4) Randomized: Another attribute of a good study is that it needs to be randomized, and the randomization must be pre-determined. If the investigator chooses which subgroup receives a particular treatment based on any method but a pre-determined randomized protocol, bias can be introduced, and the study results are less valid.
5) Blinded: Another anti-bias measure used is “blinding”. The ideal blinded study is one in which neither the patient nor the investigator knows who is getting the investigational treatment vs. who is getting the control; this is the so called “double blind” study. If one of the parties is aware of the fact that they are getting a particular treatment, the results can be distorted.
6) Well planned: A good research study should be planned and carried out in such a way that the correct population is studied, that the study goes for the appropriate amount of time, and that the study is carried out in such a way that study groups are as similar as possible except for the different therapies that define the study groups.
7) Good methods: The method section of an article is where the investigator clearly delineates how the study was performed. If the method section does not, for example, give information as to whether the study was randomized, blinded, and/or controlled, one must assume that it wasn’t, and the study results carry much less validity.
8) Accurate data and proper statistics: Investigators must show that outcomes are properly measured. They must state whether study results are statistically significant or not. While statistical significance may be considered the “holy grail” by researchers, the lack thereof does not necessarily imply a failed study. It is often of great benefit to know that there is no difference between two study groups (i.e. to accept the null hypothesis). Many myths are dispelled in this way (e.g. high dose vitamin C’s efficacy in treating the common cold). Another detail that investigators must include is the analysis of the study data. On occasion investigators will statistically analyze a subgroup of a study and not the entire study population. It is okay to do this if it is planned prospectively (before the study begins). If an investigator, however, retrospectively analyzes a particular subgroup in an effort to find statistical significance, this is called “data snooping” and typically reflects a bias on the part of the investigator and thus makes the study results less reliable.
Key Statistical Terms in Medical Literature:
Scientific Method = The analysis of data that is collected through the appropriate sampling of a population, thus yielding the highest likelihood that the conclusions drawn are valid.

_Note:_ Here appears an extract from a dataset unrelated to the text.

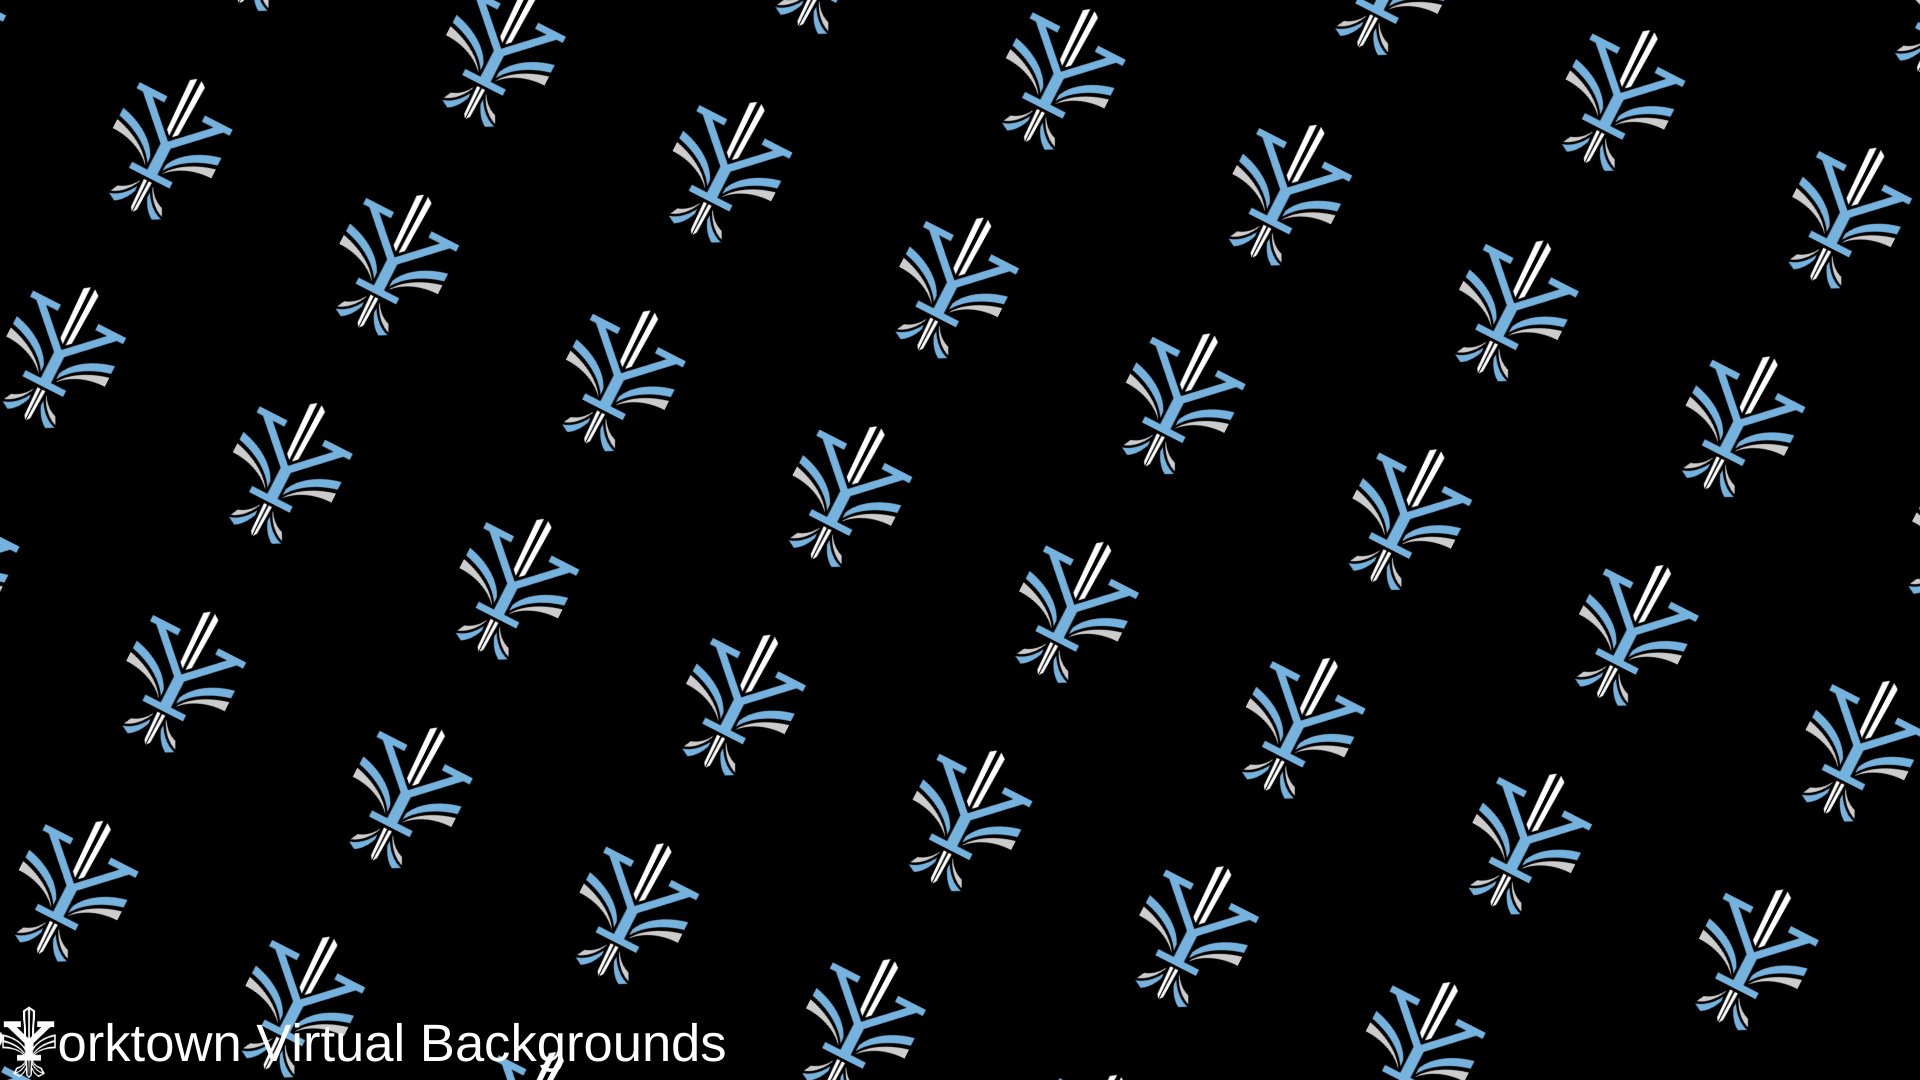 Yorktown Logo Wallpaper for Teams - Black - Diagonal

Investigational Study or Clinical Trial = The research of a particular drug, test, or procedure versus placebo or a known conventional therapy/test in an effort to determine the relative value of the two modalities.
Investigational Subject = A drug, test, or procedure that is getting investigated and being compared to the gold standard: e.g. the investigator could study the utility of a new rapid test for “Strep throat” and compare it to a gold standard, such as a throat culture.
Gold Standard = The accepted test or therapy that is considered definitive. The gold standard is what the investigational subject is compared to: e.g. the gold standard for Strep throat testing could be a throat culture, which takes 2 days to run, compared to an investigational subject, such as a “rapid” Strep test, which gives a result by a different method in just 15 minutes. A study is only as good as the gold standard it uses. It is difficult to have a perfect gold standard, e.g. where the presence and absence of disease is identified 100% of the time, but we have to sometimes accept a gold standard that is less than perfect. In our strep culture example, it may be the case that the swab specimen is not always adequately collected and therefore the strep organism is not swabbed from the surface of the tonsil when it is actually present. In this case, even by gold standard, the patient would be diagnosed as not having Strep throat when they actually do have the pathogenic organism present: i.e. a false negative result.
2 X 2 Contingency Table = A 2 X 2 (2 by 2) grid that is created to display the results of a comparison between two categories, e.g. an investigational subject (“test” group) and a gold standard (which determines, for example, who has and does not have disease). There are four possible results in a 2 X 2 table and they are as follows:
- True Positives = Subjects in the study that tested positive for a disease that in fact had the condition
- True Negatives = Subjects that tested negative for a disease that in fact did not have the condition
- False Positives = Subjects that tested positive for a disease that in fact did not have the condition
- False Negatives = Subjects that tested negative for a disease that in fact did have the condition
These categories are displayed in 2 X 2 grid as follows:
Sensitivity (Sn) = In the group of patients that have disease (the “+” column under “Disease”), it is the proportion of patients with a positive test as it compares to all of the patients with disease. Specifically, it is the true positive rate as it compares to the sum of all of the true positives and false negatives.
Sn= (true positives)/(true pos’s + false neg’s)= A/(A+C)
In other words, sensitivity is the probability that the test result will be positive when the disease is present.
Specificity (Sp) = In the group of patients that do not have disease (the “–” column under “Disease”), it is the proportion of patients with a negative test as it compares to all of the patients without disease. Specifically, it is the true negative rate as it compares to the sum of all of the true negatives and false positives.
Sp= (true negatives)/(true neg’s + false pos’s)= D/(D+B)
In other words, specificity is the probability that the test result will be negative when the disease is not present.
Positive Predictive Value (PPV) = The probability that the patient has disease when the test is positive (the “+” row for “Test”).
PPV=(true postives)/(true pos’s + false pos’s)= A/(A+B)
Negative Predictive Value (NPV) = The probability that the patient does not have disease when the test is negative (the “-” row for “Test”).
NPV= (true negatives)/(true neg’s + false neg’s)=D/(D+C)
Calculations for Sn, Sp, PPV, and NPV are depicted in the table below:
Likelihood Ratio(LR) = This concept incorporates the use of sensitivity and specificity to determine the likelihood that a test will effectively yield the probability of the presence or absence of a disease state or condition. LR’s are utilized to provide a quantitative value in performing a particular test.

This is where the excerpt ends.